Lalu mendesak pihak berwenang menindak oknum tak bertanggung jawab yang menjual lahan kelompok tani. Serta, meminta Polres Rohil bijaksana menangani kasus dugaan pengeroyokan tersebut.
Sementara itu, Ketua Kelompok Tani Menggala Jaya Khoironi S membenarkan bahwa pihaknya tidak melibatkan Lahidir dkk dalam pembuatan surat kesepakatan damai tersebut. Alasannya, mereka bukan anggota kelompok tani.
Khoironi juga tak mengakui Anwar Nain sebagai anggota kelompok tani serta membantah kuitansi dan dokumen keanggotaan tahun 1996 yang dimiliki Anwar Nain. Dalam notaris yang dimilikinya tidak ada nama Anwar Nain.
"Memang nama mereka tidak masuk, apa dimasukkan semua orang se-Indonesia ini, gitu?" katanya.
Dia juga siap untuk berhadap-hadapan menunjukkan dokumen dan notaris bukti keanggotaan kelompok tani.

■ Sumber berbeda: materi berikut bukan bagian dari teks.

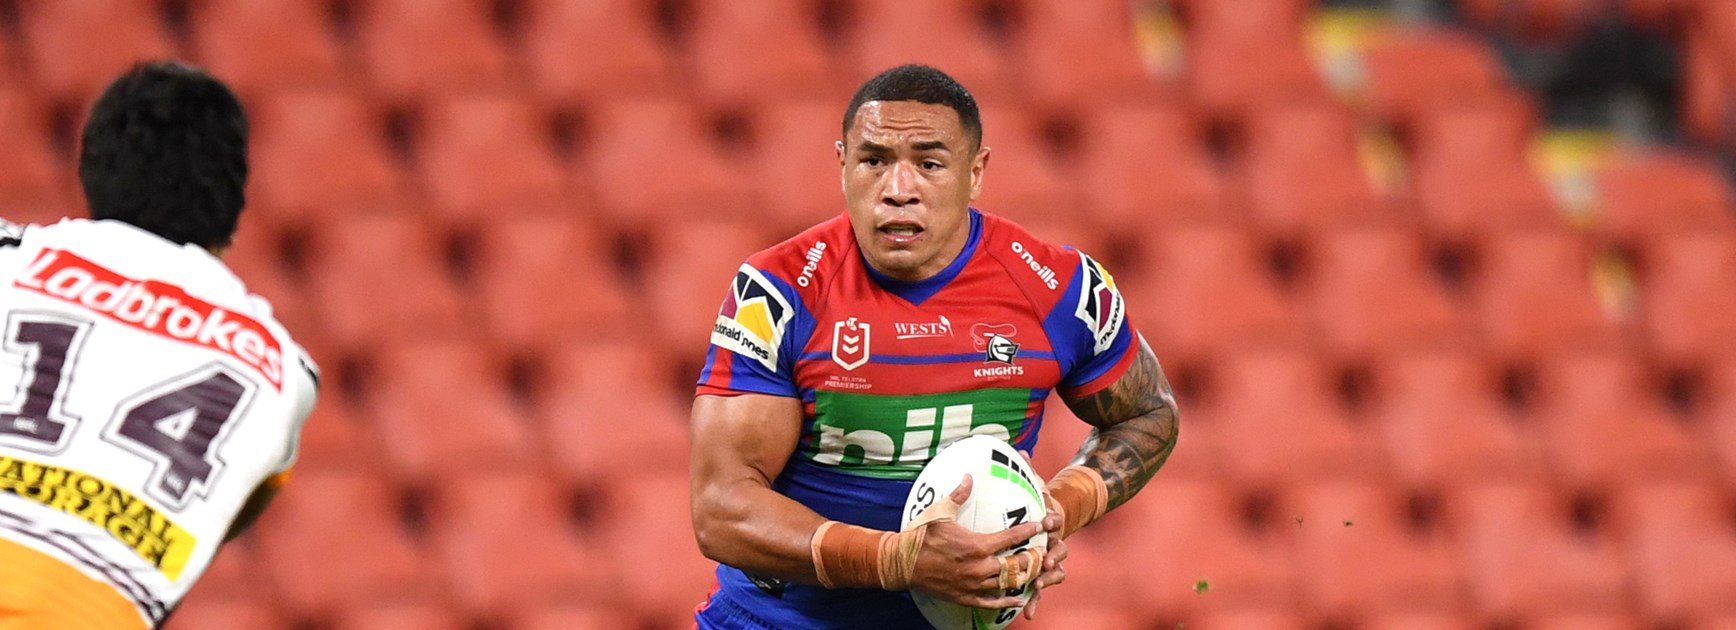 Frizell fired up to avoid finals envy

"Kalau dia (Anwar Nain) masuk anggota tunjukkan bukti kuitansinya. Diperiksa dulu," katanya saat dihubungi, Minggu (27/11/2022).
"Setahu saya, kami belum ada merombak nama-nama anggota, tetap mengacu yang lama. 350 (anggota)," sambungnya.
Disinggung soal aksi yang akan dilakukan oleh kelompok tani pada pekan depan, Khoironi mempersilakan.
"Itu terserah mereka, tapi kalau mereka demo itu ada yang bertanggung jawab. Silakan saja, mau demo atau apa silakan saja. Kemauan orang tak bisa kita tahan-tahan," kata dia.
Dia menyatakan pihaknya akan mengambil sikap untuk menanggapi tuntutan masyarakat yang mengaku kelompok tani tersebut.
"Kalau yang tidak masuk anggota berbuat kayak begitu, kami akan buat tindakan juga gitu loh," ucapnya.